▶ _EXTRACTED ENTRIES_:
════════════════════
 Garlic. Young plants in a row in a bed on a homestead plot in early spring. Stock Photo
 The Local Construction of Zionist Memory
════════════════════
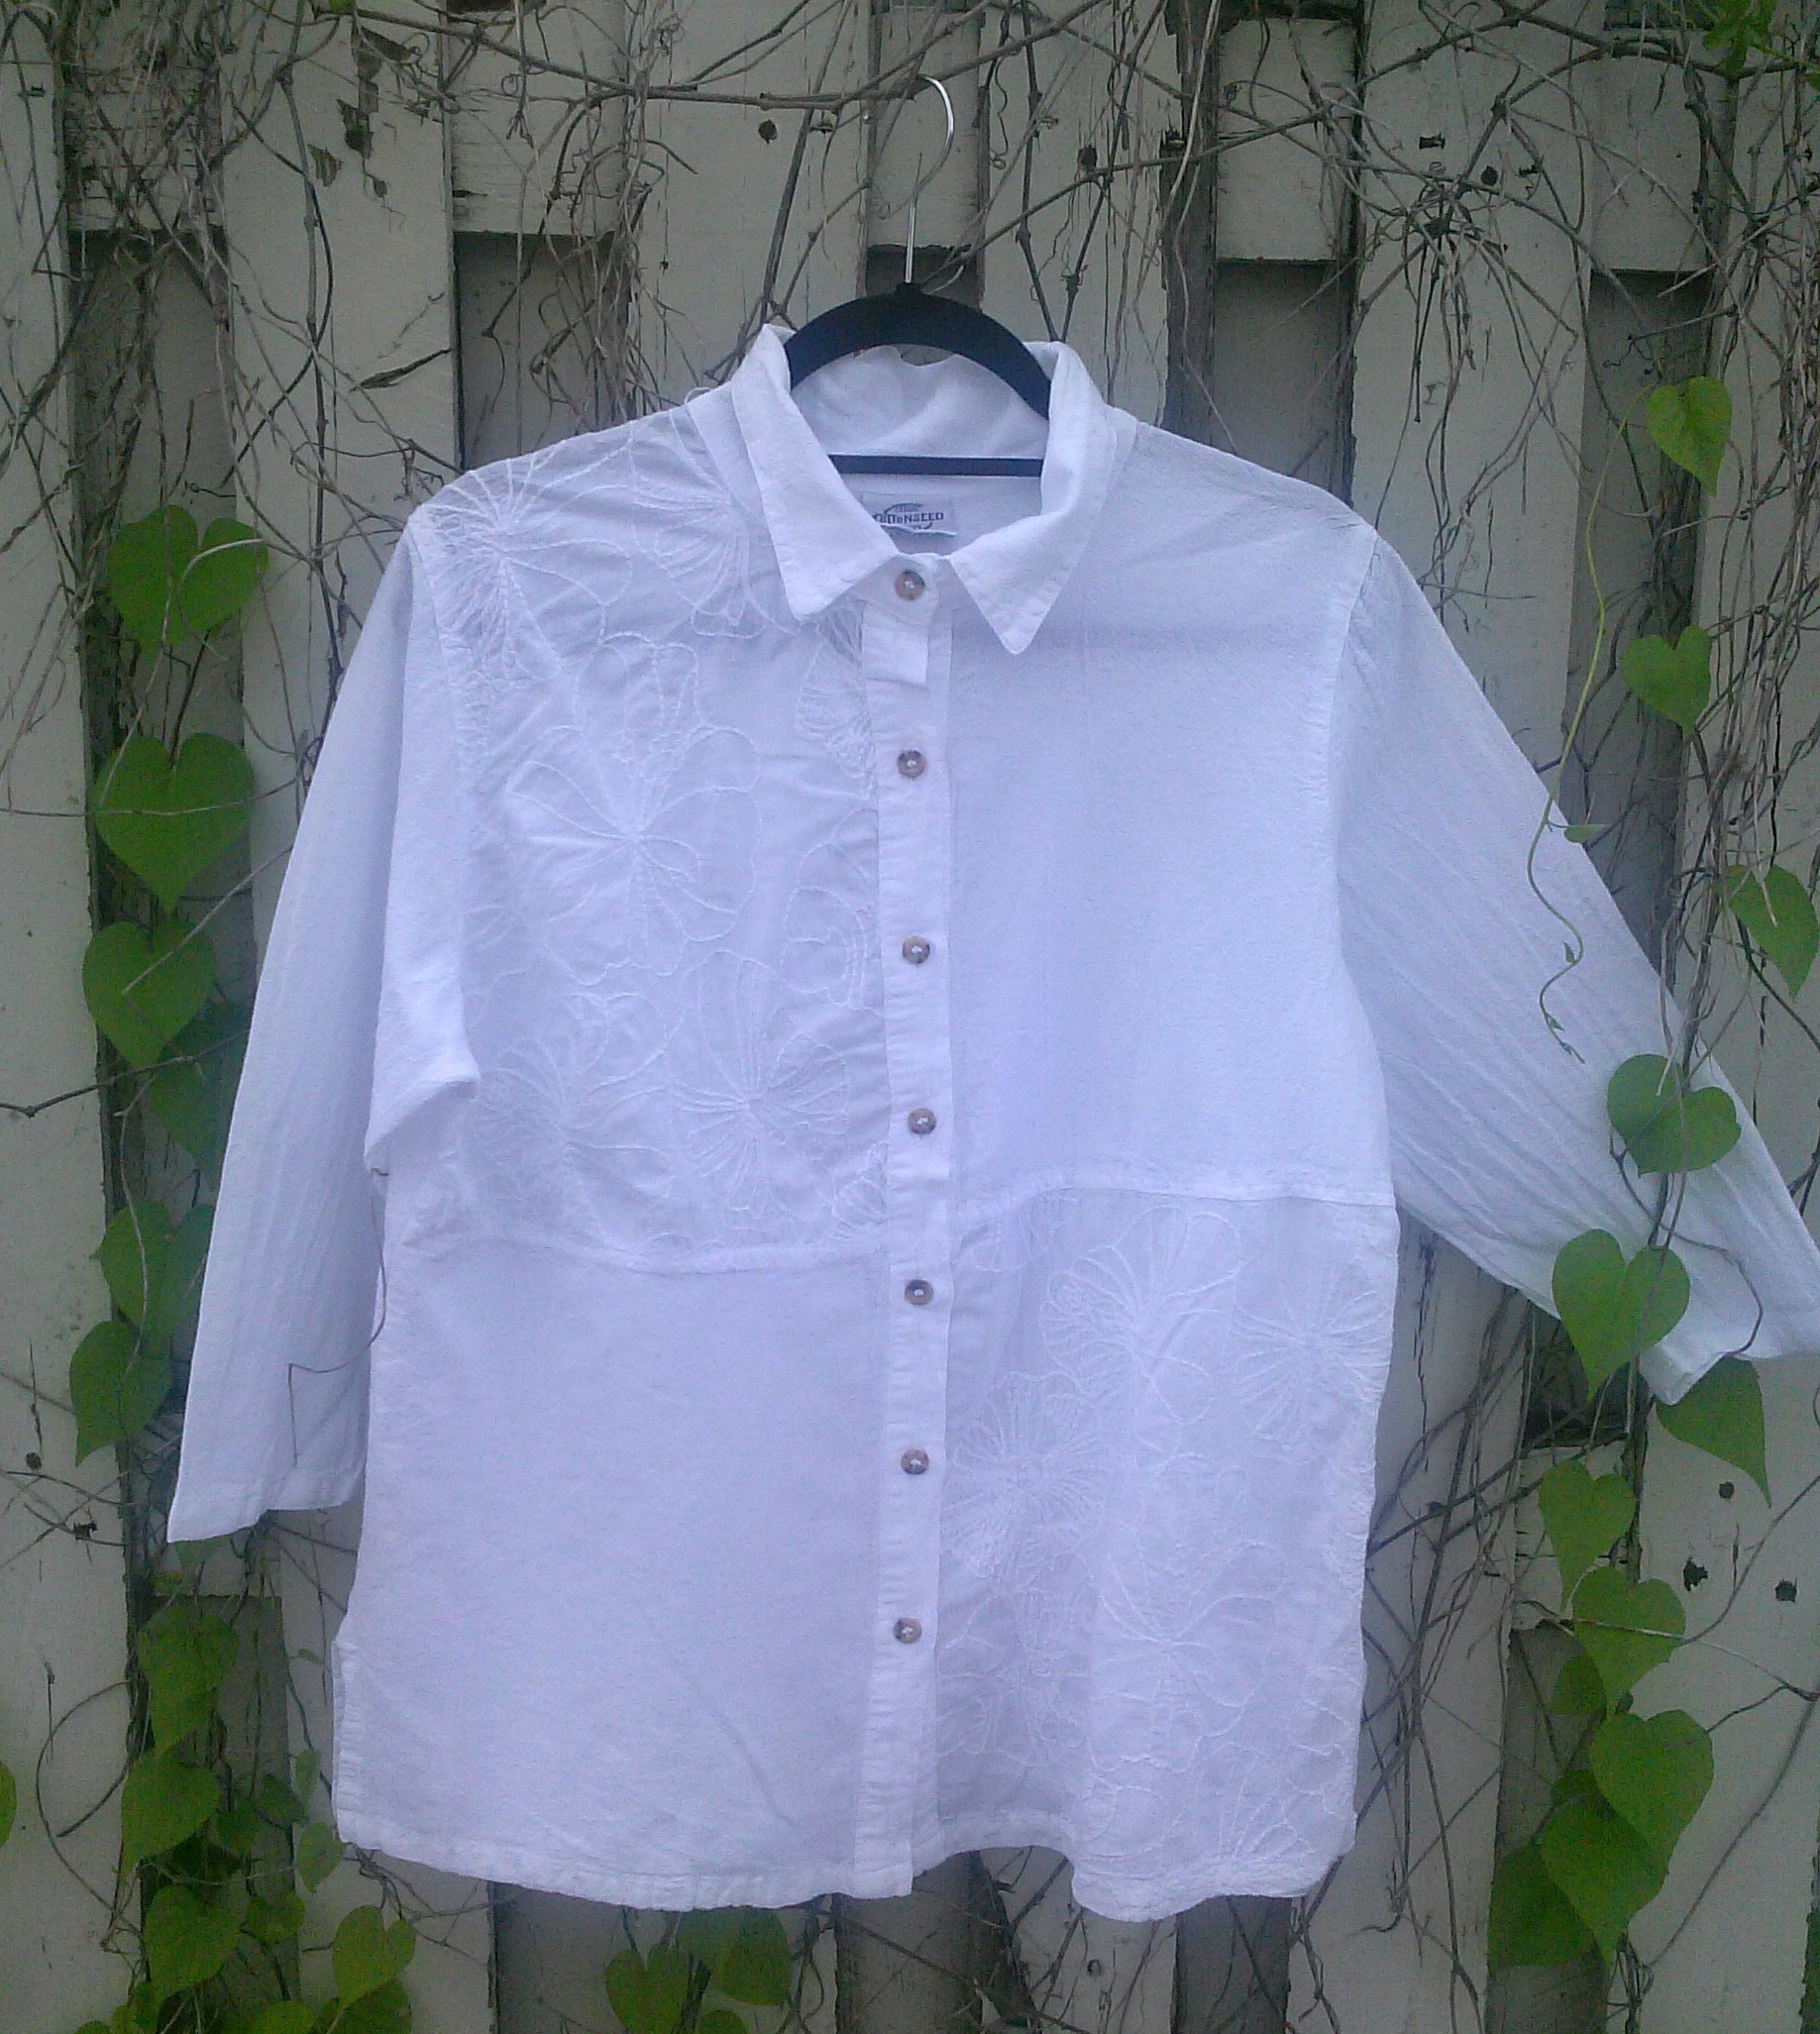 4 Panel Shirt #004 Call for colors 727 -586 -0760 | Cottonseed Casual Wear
════════════════════
▶ _THE PROBLEM_: Give an exact copy of the lines above from the line with "Garlic. Young plants" up to and including the line with "The Local Construction of Zionist Memory", and leave everything else out.

▶ _THE ANSWER_:
 Garlic. Young plants in a row in a bed on a homestead plot in early spring. Stock Photo
 The Local Construction of Zionist Memory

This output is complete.